What does the Immortals title really mean?
Andrew Johns while playing for the Newcastle Knights in 2006. Johns was announced as the eighth Rugby League Immortal overnight (AAP Image/Action Photographics/Grant Trouville)
With the recent induction of Andrew ‘Joey’ Johns onto the ‘Immortals’ list, I thought it worthy to ask why it is we are using a publishing firm’s concept as the major gauge for legends of our game?
The Immortals concept was devised by Rugby League Week in 1981 and the four players listed (Churchill, Gasnier, Raper and Fulton) were all regarded as some of the best to have ever played the game (post WWII). However this still was only a reflection of the then-judges and of course the magazine.
At no stage in its history has RLW or the Immortals been officially recognised. They were not affiliated with the then-NSWRL, never with the ARL and still today have no connection with the NRL or ARLC.
I grew up with the four Immortals as legends of our game; never did I feel that players from my era needed to be added to the list. It was a promotion for the magazine at the time and a very good one at that.
So for me, it really doesn’t mean a lot to have Joey added to this list, as it didn’t when The King, Changa or Big Artie were added.
The Immortals concept I grew up with is no more.
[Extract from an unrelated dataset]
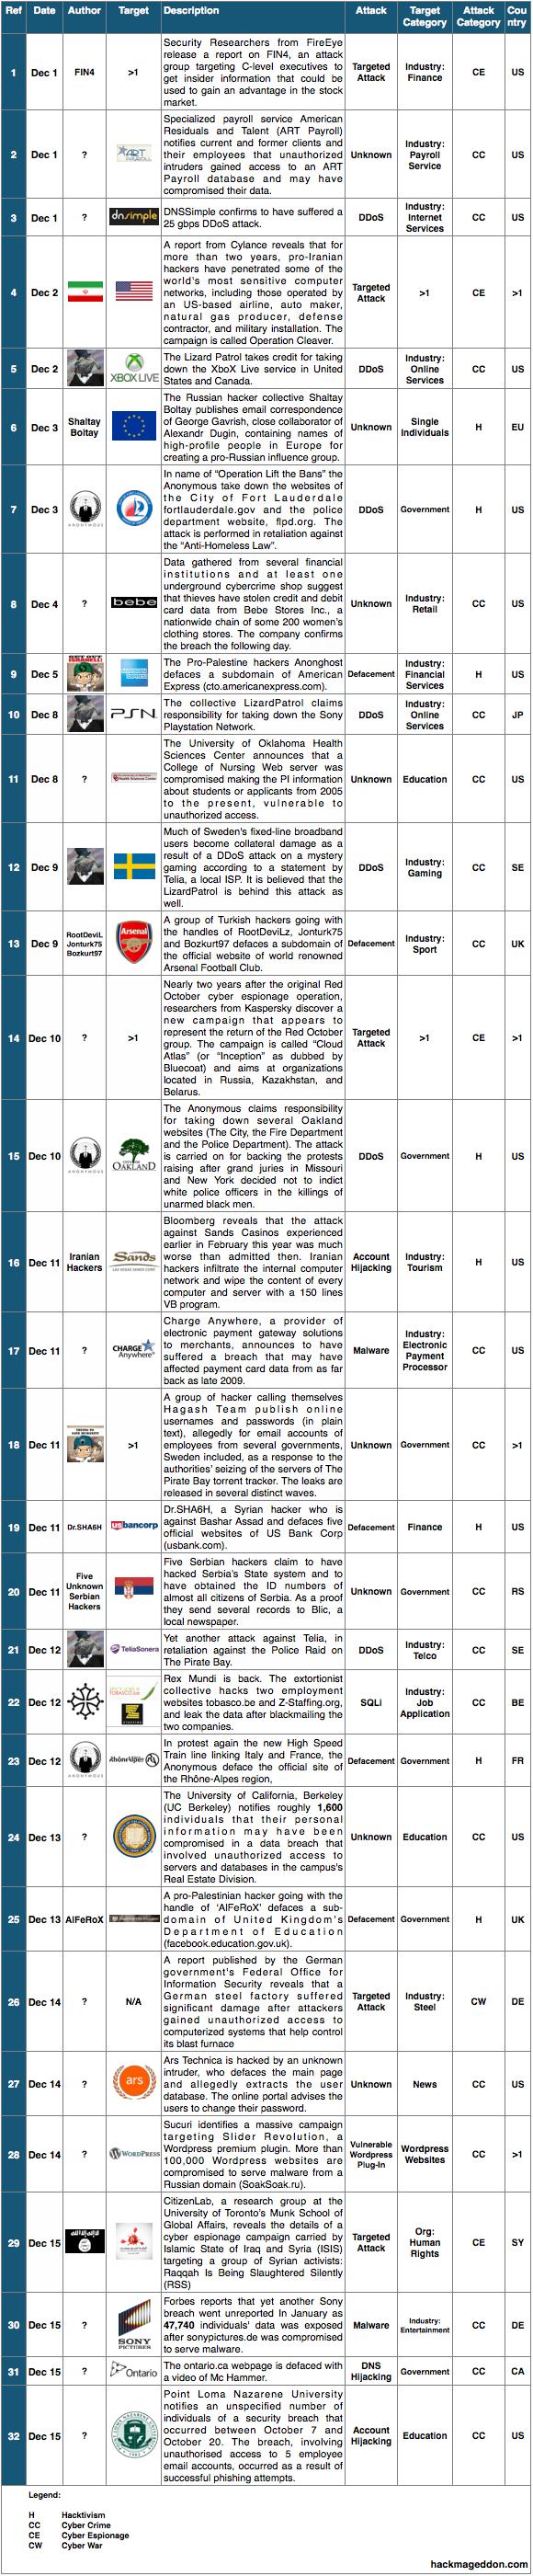 1-15 December 2014 Cyber Attacks Timeline
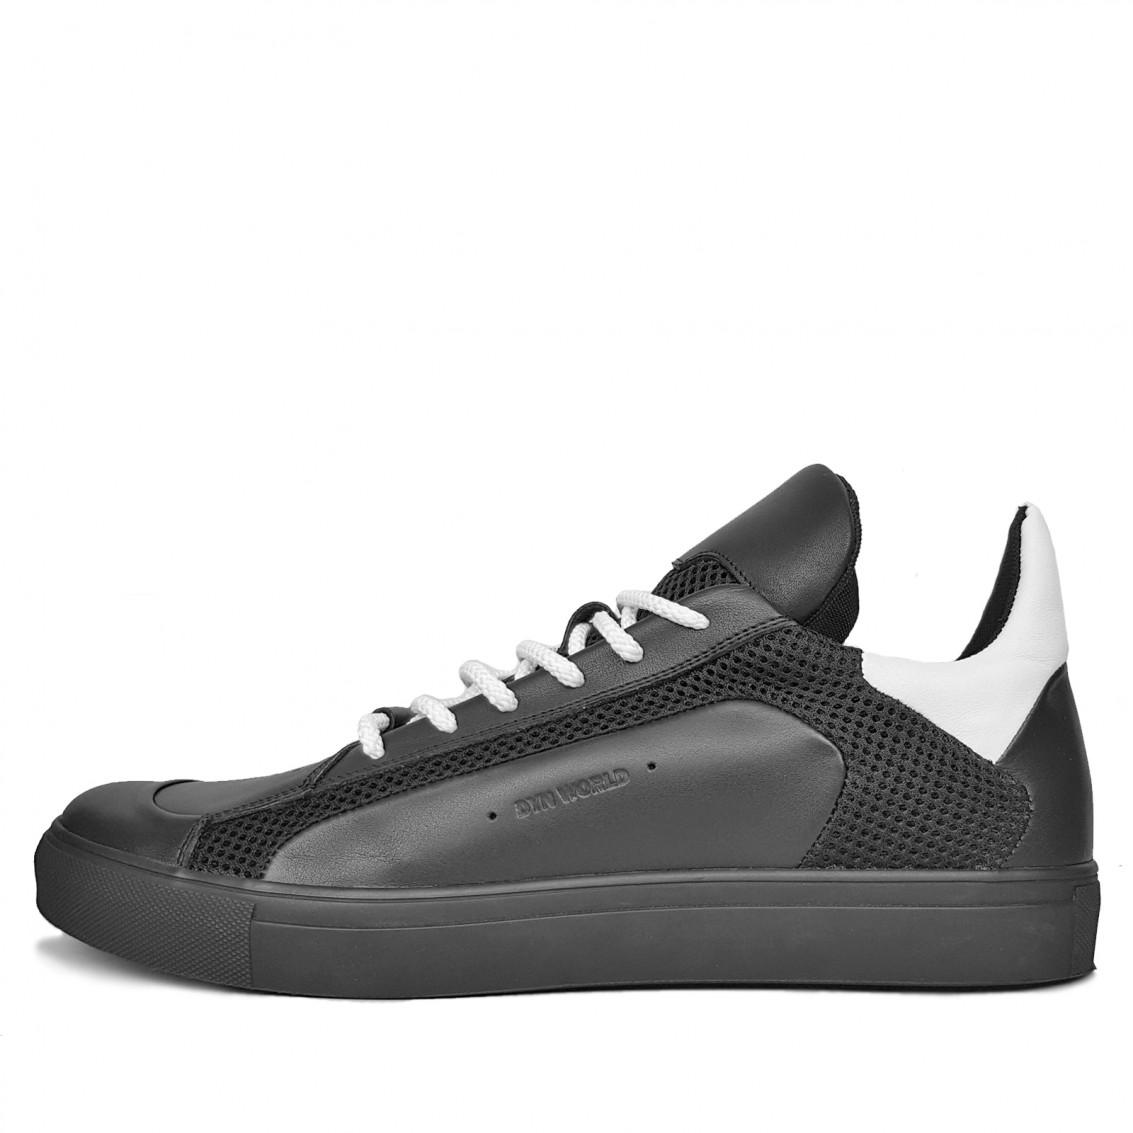 Men's low-top sneakers

It was re-hatched to drive interest and sales and, as such, has lost all its lustre.
I only hope the powers that be realise that this accolade in reality means little and that the Hall of Fame, which promised so much, must be the official means by which legends of our game are recognised.
Rugby league has always been a people’s game; they should be able to walk through a room and admire the feats of their heroes, where the price of admission goes back into the game and not to a publishing firm’s coffers.
Oh, and I would have gone for Norm Provan as the eighth.